I guess all of this adds up to the joyless parts of growing older: parents become like children, friends pass away or divorce, places change but really are kind of the same, the seasons keep changing in the rhythmic way they do, and I too am truly growing older. It was a rather lonely walk tonight. Someday I won't be able to do it like I do now. My volleyball days might be numbered...just not for right now. I am sorry to have not had the opportunity to speak one more time to Eddie or Peter. I want to vow too not to allow my care of my mom to consume me, but I struggle to keep that vow. Something always comes up and I grow more and more tired.
But on a cheerier note...
I practiced a wee bit of self care this weekend. I went off with a friend without inviting my mom. I did have to slip out the door in order to hang with my friend, but once away I hung for a few hours then slipped back in. I've learned it's easier to go quietly and come back than to explain to my mom. Sometimes explaining works and sometimes it turns into something that exhausts me. I've also cut back in accepting some weekday jobs this week so that I can work in my home without my mom being here. While she's away, I clean, organize, dance, sing, go for a walk, and nap. Being home alone has become my chance to exhail, to just breathe. It's my temporary sanctuary.
Every time I think I have more control of my own life, like I have more me time, like I can focus on myself and be me, there feels like there is some sort of setback. Like I'm back at putting the focus back on my mom and off me. It's like I'm becoming a peripheral character in my own story.
So as you know it was another trip to the emergency room via ambulance. Thank God I had the good sense to call for medics. It was her second UTI since she's been with me. I seriously remain clueless when it comes to urinary track infections. I can't believe how biologically devastating they are and even mentally debilitating they are. It was her mental state that made me call for medics. She could answer the beginning of a question and then finished all statements by singing Thank You, Jesus. Thank You, Jesus. I'm embarrassed to say that initially I thought it was normal, then a cute proclamation of her faith, and I even thought it was kind of funny. But it began to shift into something odd, or probably better yet I began to recognize it as odd. When the medics arrived she continued the Thank You, Jesus song. And as we arrived to the emergency room, she again entertained every one who spoke to her with the same song. Turns out she had a temperature of 101.2. I really don't understand how a urinary track infection messes with the brain so; how it makes someone behave so out of character, so confused, so odd. It actually confuses me.
You know what's crazy and depressing as hell?

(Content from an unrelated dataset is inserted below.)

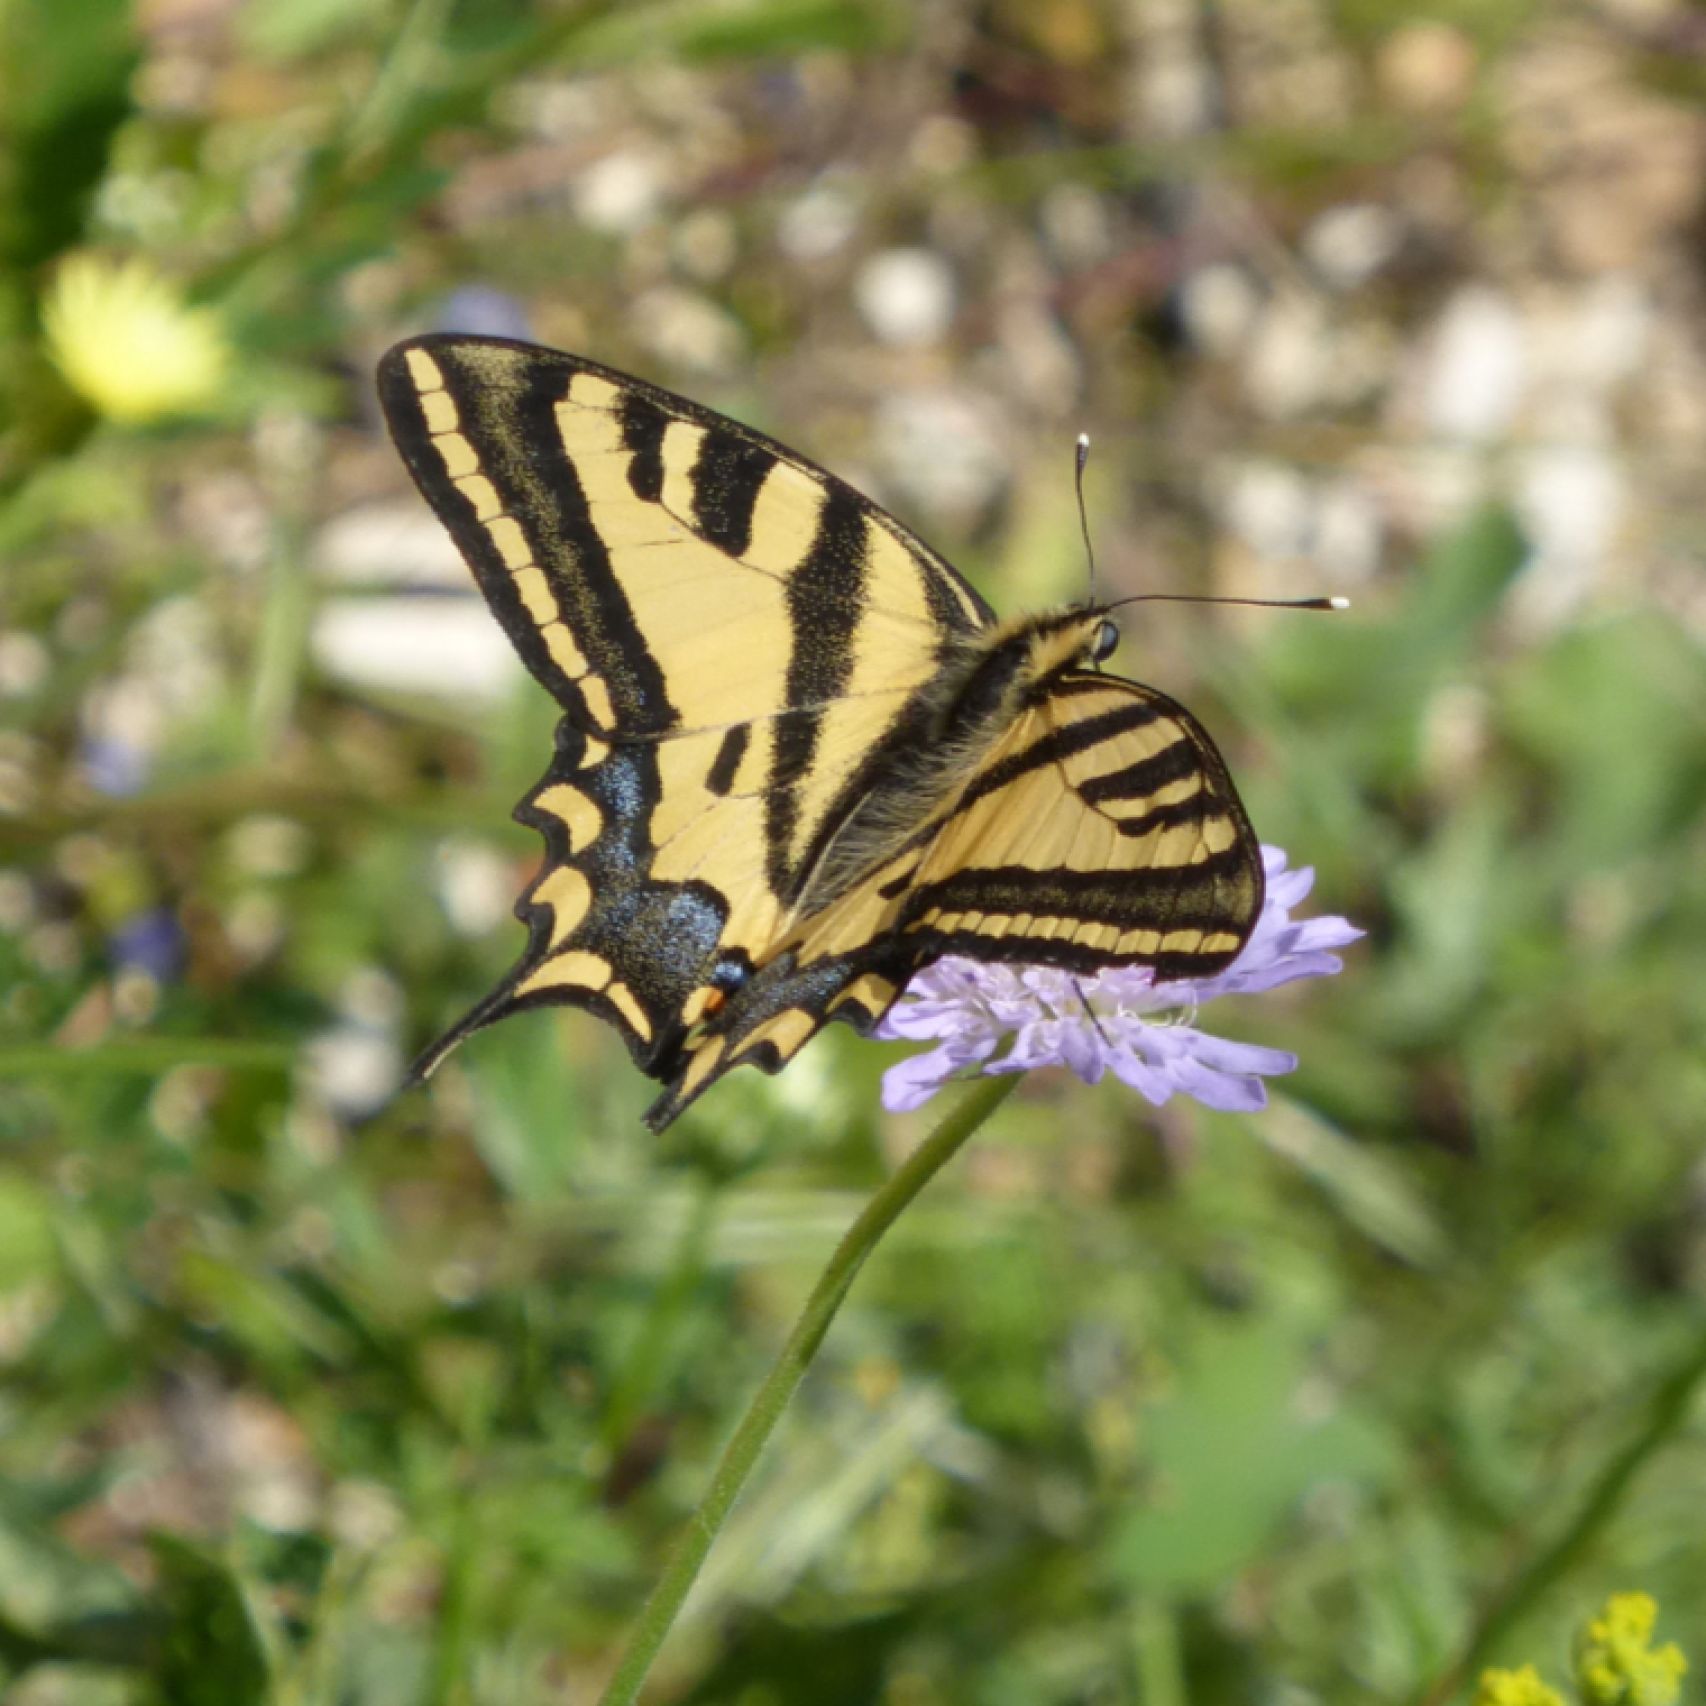 Corfu swallowtail

I'm in a scene study class and currently working on a scene from the play The Waverly Gallery by Kenneth Lonergan, and it's depressing the hell out of me. I see me and my mom throughout much of it. While my mom went to a neurologist since she's been here and had multiple MRIs we never received an affirmative in any sort of mental decline or mental disease. But she has continued her daily regimen of Memantine twice a day and Donepezil (Aricept) once a day. But this encounter with this past UTI was creepy. She was confused. She was odd. She was way way out of character. Then strangely after a few bags of antibiotics she was more coherent. Why the heck is that? While on her antibiotic regimen, oddities popped up every now and then, but as she continued with the antibiotics, she became more clear headed.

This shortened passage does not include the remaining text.